Un papel mediador entre Teherán y Tel Aviv podría ayudar al Kremlin a mejorar sus credenciales y desviar la atención de la guerra en curso en Ucrania.
Jun 18, 2025
Moscú ha logrado un cuidadoso equilibrio entre sus rivales regionales, Irán e Israel , e incluso ha gestionado su posición en Medio Oriente durante puntos conflictivos regionales como el conflicto sirio.
Ante la reanudación de los ataques entre Tel Aviv y Teherán, Rusia podría estar bien posicionada para mediar en el conflicto y ejercer influencia entre los rivales regionales. Sin embargo, la imbricación de este conflicto con las crisis regionales que abarcan Gaza, Líbano y Siria podría poner en peligro este delicado equilibrio.

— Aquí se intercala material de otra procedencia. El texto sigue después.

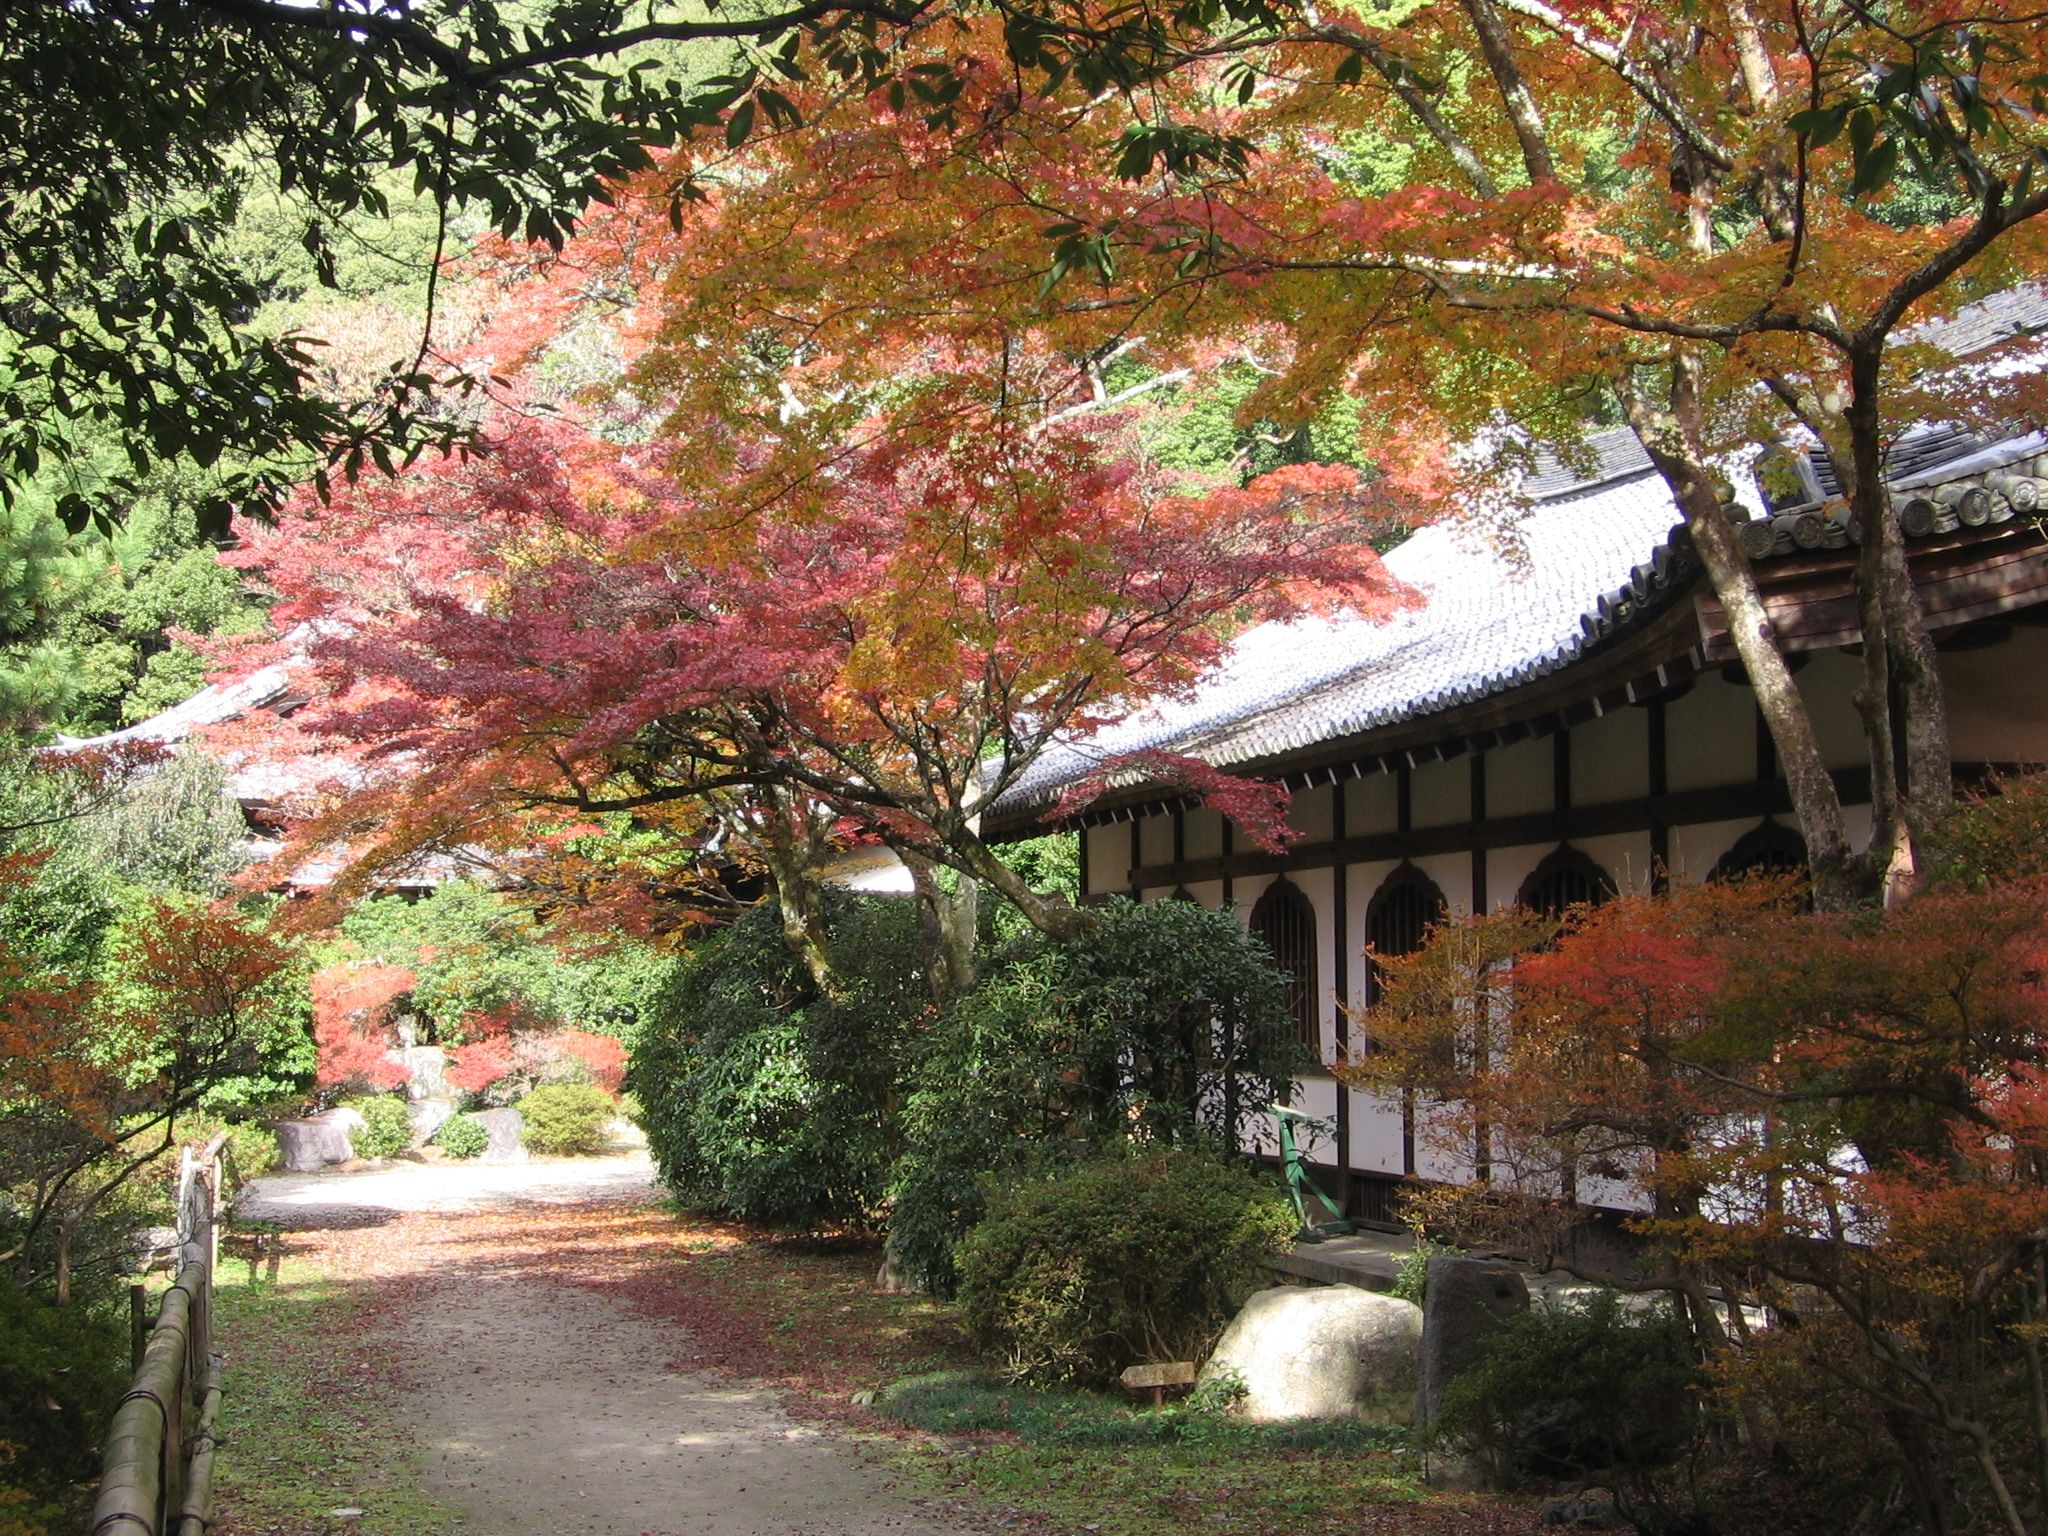 japanese landscape - samurai Photo (14636843) - Fanpop  |Beautiful Japanese Landscapes
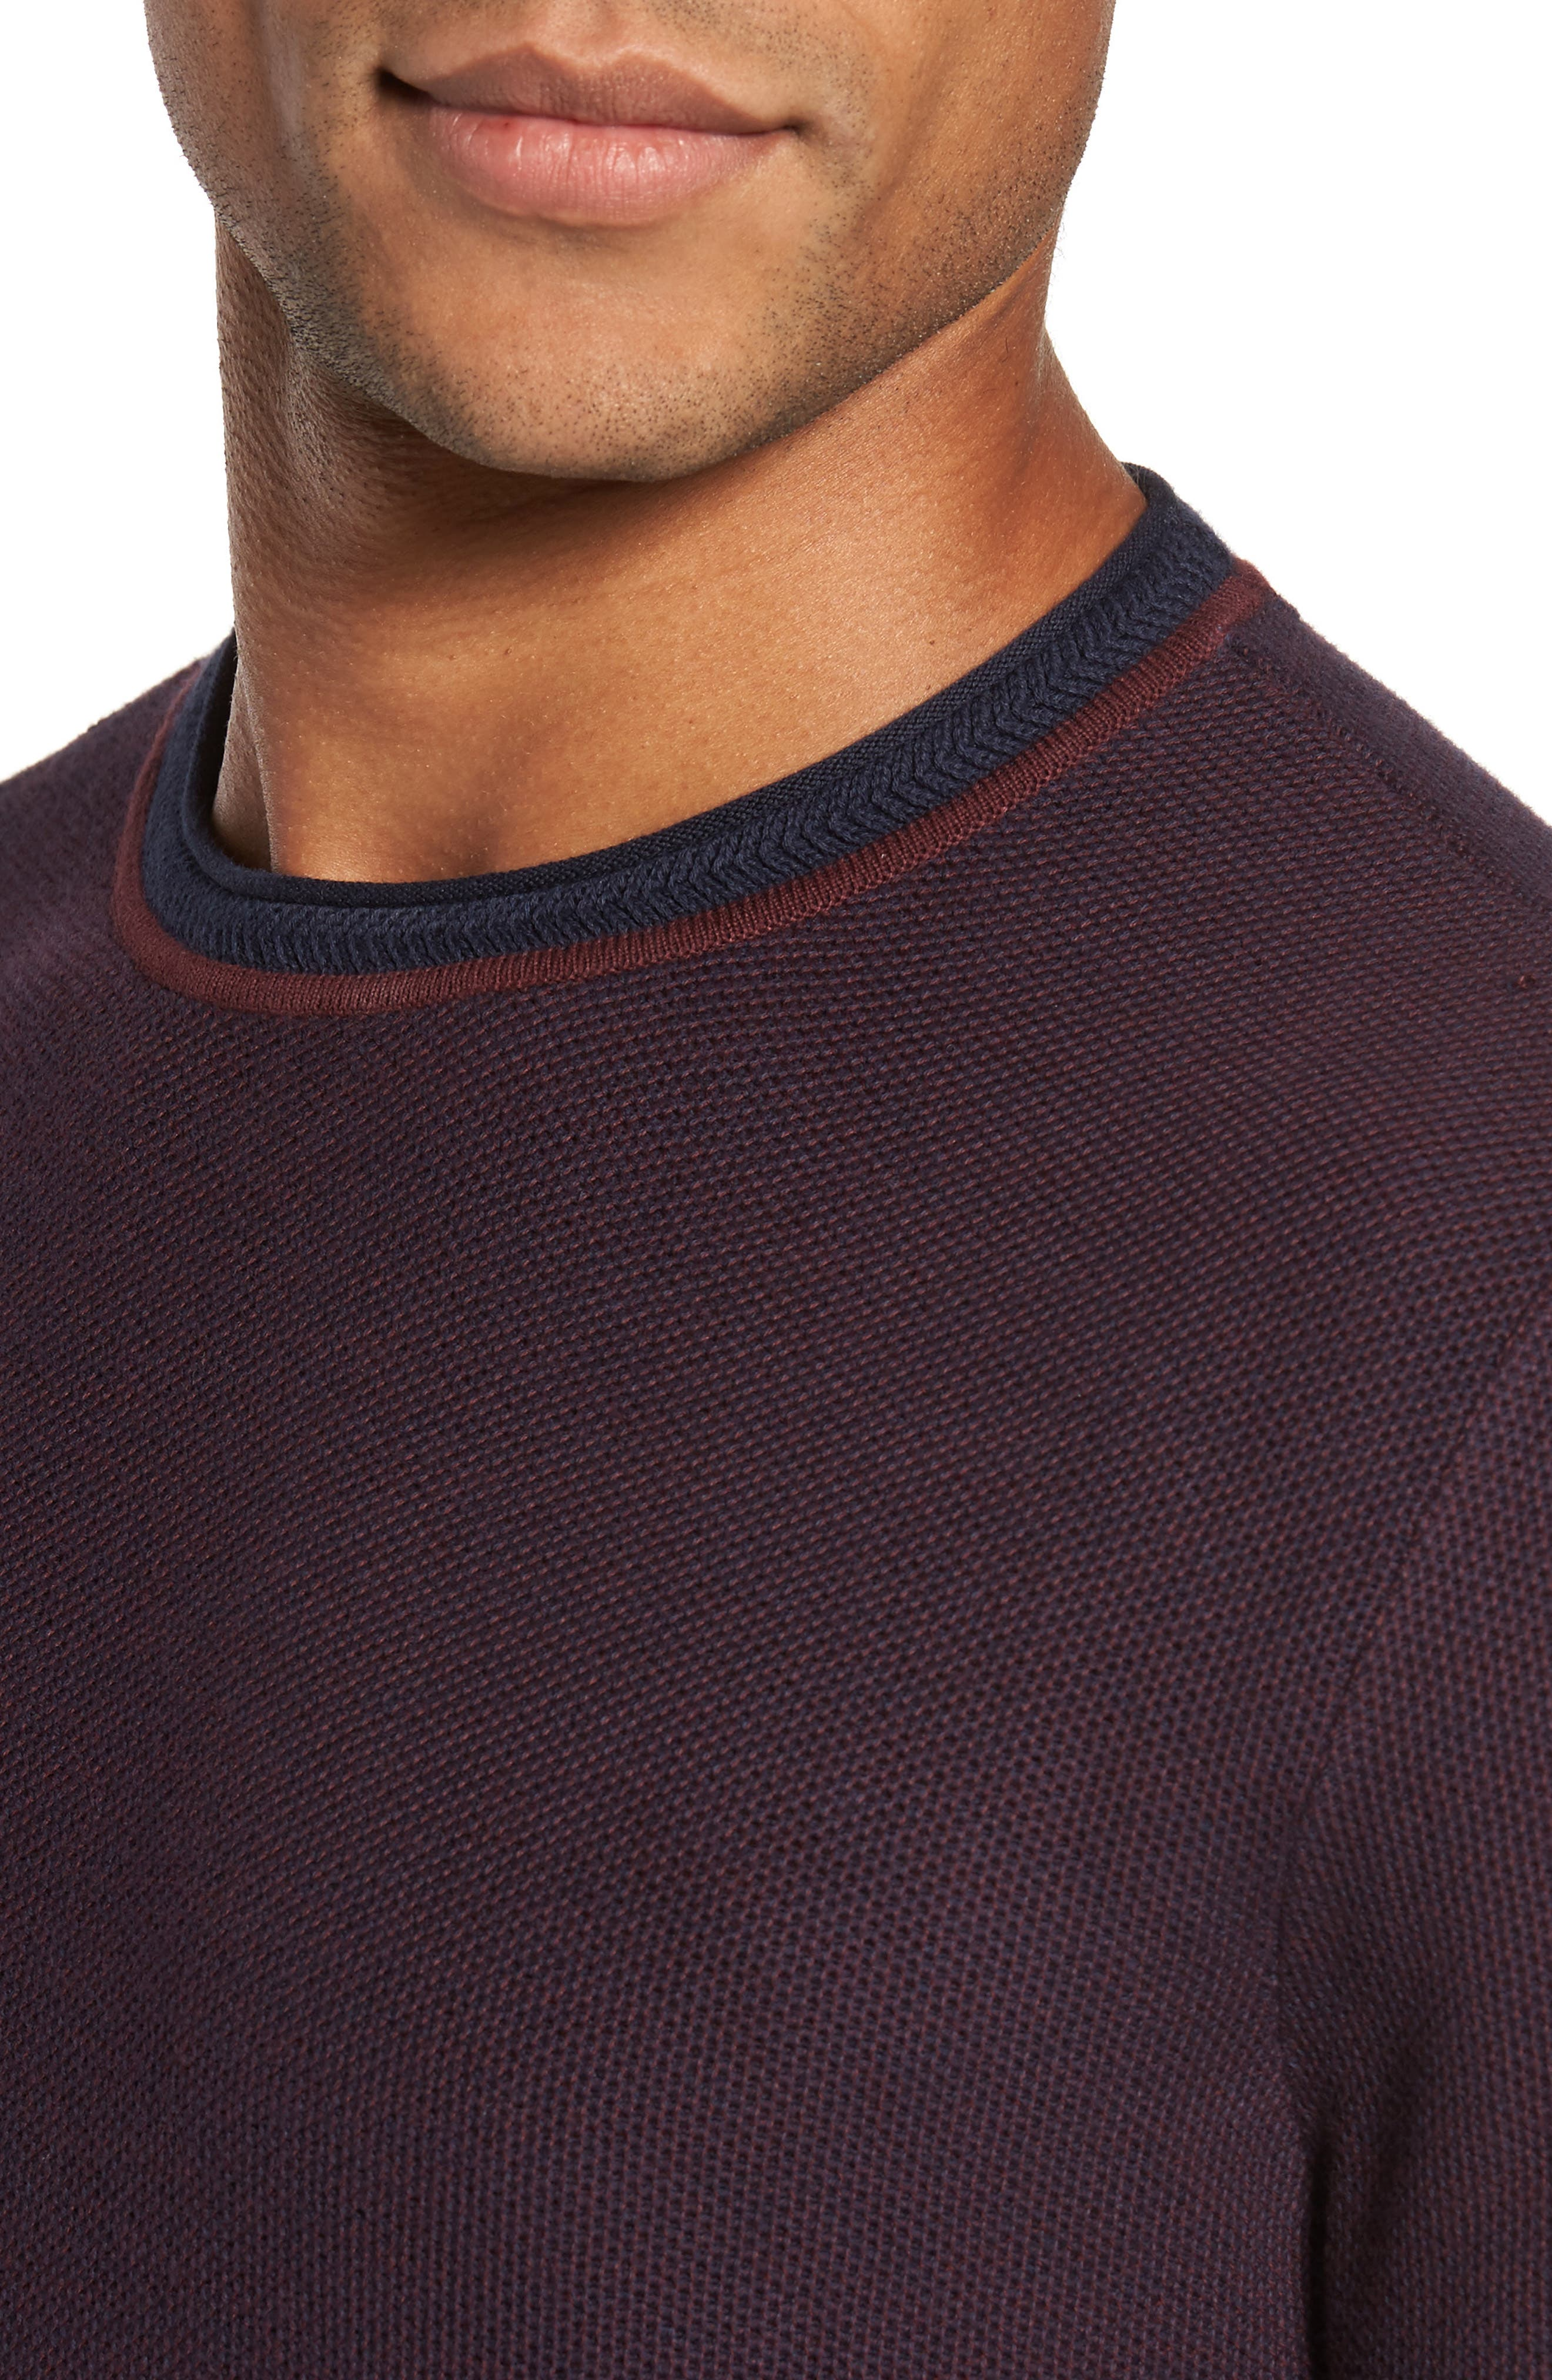 Space Dye Slim Fit Sweater,                             Alternate thumbnail 12, color,

Rusia e Irán han estrechado lazos desde 2015, cooperando en operaciones militares como las de Deir Ezzor (Siria) y en la transferencia de armas, incluyendo los drones iraníes Shahed utilizados en Ucrania. El creciente interés e inversión rusos en los sectores de seguridad y energía iraníes culminó con la firma de un tratado de asociación estratégica integral en enero, lo que fortaleció sus relaciones económicas, políticas y militares. Sin embargo, aunque Rusia ha recibido drones iraníes, es improbable que Moscú ayude militarmente a Teherán contra Israel.
Las nuevas rondas de ataques de Israel contra Irán también podrían limitar la capacidad de Teherán para continuar con sus envíos de municiones merodeadoras al ejército ruso, como los drones Shahed, que se han utilizado en Ucrania. Sin embargo, Rusia ha podido reproducir estos drones y otros similares internamente. Es improbable que la disminución del apoyo militar iraní afecte el suministro de armas para la guerra de Rusia en Ucrania.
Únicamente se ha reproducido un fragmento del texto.